For overall range, the American brand Cannondale is arguably one of the best in the business though, thanks to its collection of trail, cross country, downhill and e-MTBs – including the Moterra NEO SE above.
What is the best mountain bike for the money?
Finding the best pound-for-pound mountain bike for you also comes down to your budget. If you’re after an entry-level one, then the Voodoo Bizangoer 29, which is also featured in our cheap mountain bikes round-up, is tough to beat. But for those looking for an all-rounder that is the basis of a great bike for years to come, the 905 V2 by Whyte is the one for you.

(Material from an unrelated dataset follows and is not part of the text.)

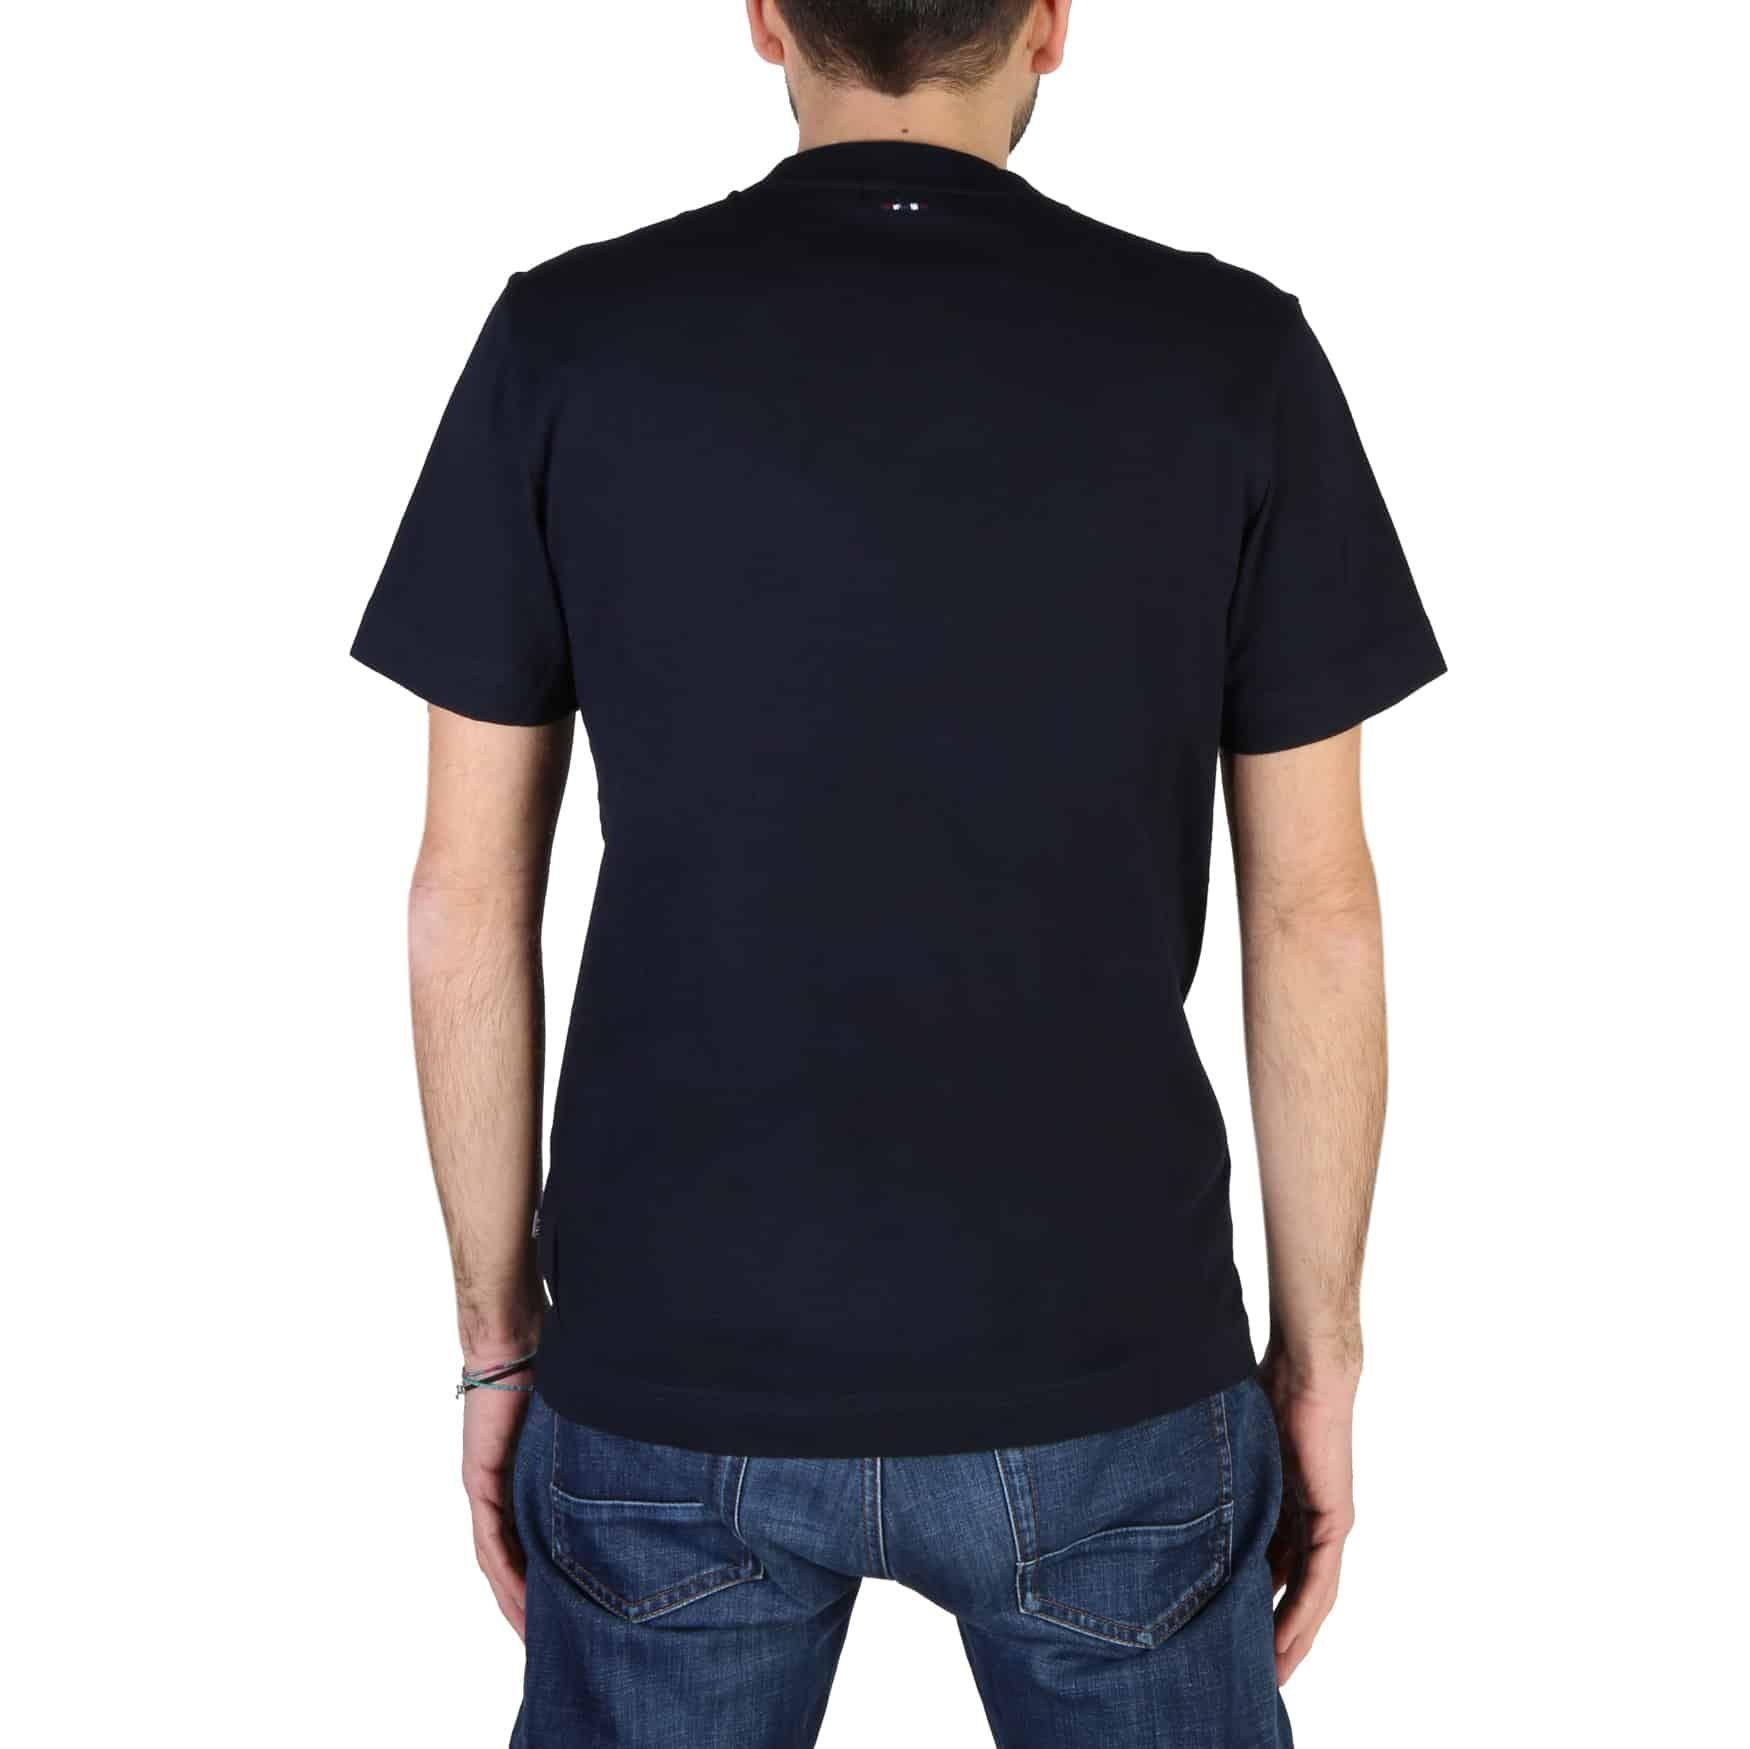 T-shirts Napapijri – SOLANOS_NP0A4E39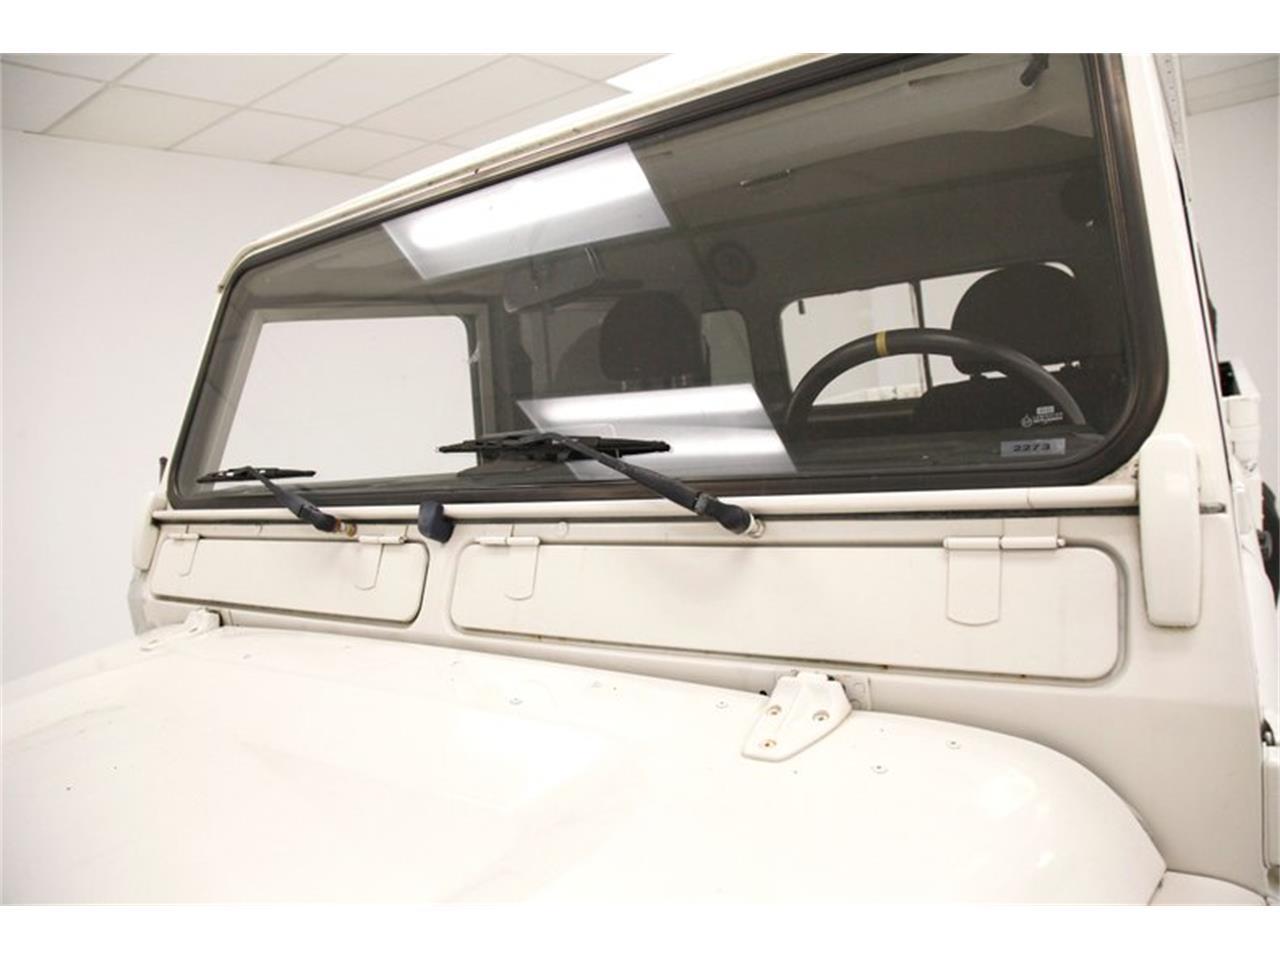 1993 Land Rover Defender (CC-1392696) for sale in Morgantown, Pennsylvania

How can I improve my mountain bike?
If you're happy with your bike's frame, it's possible to make improvements to every other component that's attached to it.
Cost-effective tweaks that will leave you with notable improvements include putting some new tyres on the bike or switching to a tubeless set-up if you haven't already, changing the grips and getting your suspension serviced and tuned.
From here, the possibilities are endless and depend on your budget. Branded finishing kit such as new handlebars, stem and saddle will improve any stock components on your bike, while clipless pedals provide a more efficient pedalling for most mountain biking disciplines.
Big-ticket items such as a new groupset, wheels and forks will all improve your mountain bike, but aren't as cost-effective so you might be better off looking for a completely new mountain bike rather than splashing the cash on expensive components.